# Stone ~300/400 grit



## Ruso (Sep 5, 2014)

I am looking to get a 300-400grit stone and after some thinking I will most likely order one from Japan because of shipping/duty reasons. Even though JNS or JKI offerings look very appealing. 
After looking around I am in between Shapton pro 320 and Sigma Ceramic 400. Any first hand experience with either or; or both?

Thanks,


----------



## masibu (Sep 6, 2014)

I have a sigma 400.. It's a fairly muddy stone and was caught off guard with the dishing when I first started using it. I don't really use it much-- I have diamond plates and a beston 500 that sees more use for anything coarse. I recently acquired a shapton 220 grit (not sure how different the 320 would be in use) which feels a bit harder and it's quite aggressive. It does start to mud up pretty quickly though so I guess a bit of dishing is bound to occur.


----------



## daveb (Sep 6, 2014)

Nothing to offer on Sigma or Sharpton but. The 300 S&G from Maxim is my favorite coarse stone. I have, when sharpening someone elses's knife, started and stopped there and it is a quite servicable edge. I know it must wear but not seeing much.


----------



## Dardeau (Sep 6, 2014)

I used Dave's when he graciously loaned it to me and it was very good. I would have bought one if they had not been sold out at the time. I got another S&G 300 grit stone, the Suehiro dual density, which I like about as much.


----------



## psfred (Sep 7, 2014)

I use a King Deluxe 300 grit from Stu (toolsfromJapan.com I think) that works very well. Low wear, cuts fast, leaves a good scratch pattern easily removed. He has since recommended other stones, and a Gesshin 400 is probably equivalent. Haven't tried any others, so can't suggest anything else other than stay away from the Naniwa Super Stone 220 -- wears fast, makes mud like crazy, and doesn't cut much faster than my King deluxe 300.

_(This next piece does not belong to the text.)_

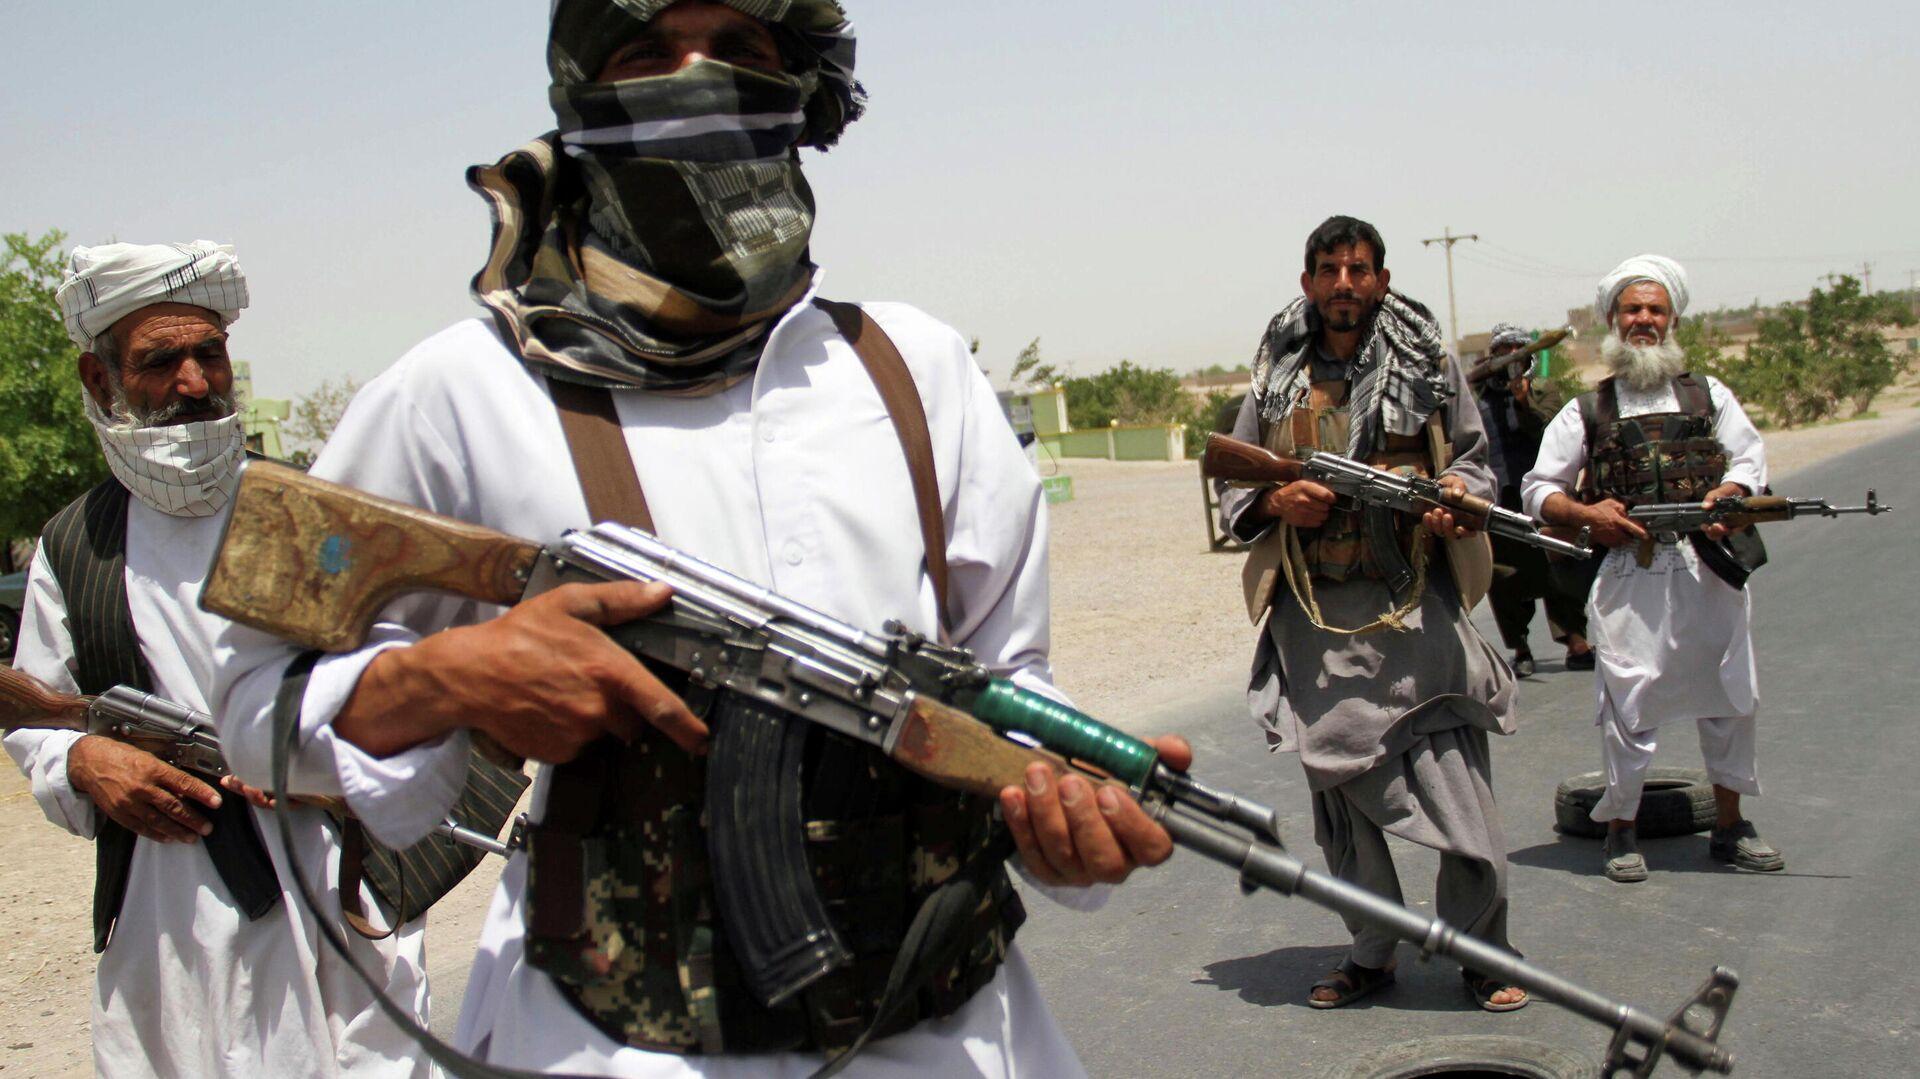 Бывшие моджахеды держат оружие, чтобы поддержать афганские силы в их борьбе против талибов - Sputnik Тоҷикистон, 1920, 09.08.2021

Lots of choices out there, but what made my mind up was the low wear rate. I sharpen woodworking tools, and for those an absolutely flat stone is a requirement, as the edge must end up dead square. Fast wearing stones are a real headache no matter how fast they cut. 

Peter


----------



## osakajoe (Sep 7, 2014)

I use the sigma 400 a lot but it's more of my bridging stone from a low 110-240 grit stone to a medium grit. It works well there. But as said above if you plan on using it as your main low grit work horse it will dish and get muddy.


----------



## Ruso (Sep 8, 2014)

Thanks all. Looks like sigma is out. 
I am kinda contemplating the JNS 300 now once again. It's all your fault, daveb  I just need to add something else from JNS to get the free shipping.:scratchhead:


----------



## masibu (Sep 8, 2014)

I've been trying a few different approaches lately for coarse work and I find the coarse norton india stone has been doing alright. I think you might have even recommended it to me a few months ago. I found that it stopped cutting as effectively pretty quickly but I have been trying out using some of my other coarse stones as a kind of nagura. 

I was hoping by doing that I would have the benefit of the hard surface of the oil stone that requires little flattening but sharpening using primarily the grit of the stone I rubbed it with. It seems to be working reasonably well but I haven't tried it extensively enough yet to make solid claims. I have a 60 grit stone which feels awful to sharpen on but the sandy slurry it leaves on the norton feels like it's certainly doing something to whatever it is I'm fixing. I have also tried using a pink brick on it which seems to have some benefit also. If you still have that norton and any other coarse stones laying around it might interest you to rub them together and see how it goes..


----------



## Ruso (Sep 8, 2014)

masibu said:


> I've been trying a few different approaches lately for coarse work and I find the coarse norton india stone has been doing alright. I think you might have even recommended it to me a few months ago. I found that it stopped cutting as effectively pretty quickly but I have been trying out using some of my other coarse stones as a kind of nagura.
> 
> I was hoping by doing that I would have the benefit of the hard surface of the oil stone that requires little flattening but sharpening using primarily the grit of the stone I rubbed it with. It seems to be working reasonably well but I haven't tried it extensively enough yet to make solid claims. I have a 60 grit stone which feels awful to sharpen on but the sandy slurry it leaves on the norton feels like it's certainly doing something to whatever it is I'm fixing. I have also tried using a pink brick on it which seems to have some benefit also. If you still have that norton and any other coarse stones laying around it might interest you to rub them together and see how it goes..



Thanks for the input.
Yes indeed, I recommended Norton India Coarse and I still do. BTW when it stops cutting (its loaded) just pop it up in to the dishwasher and it will clear it. The old method of cleaning the oilstones is to boil it. Just make sure its wrapped in cloth so it does not touch the surface of the pan/pot.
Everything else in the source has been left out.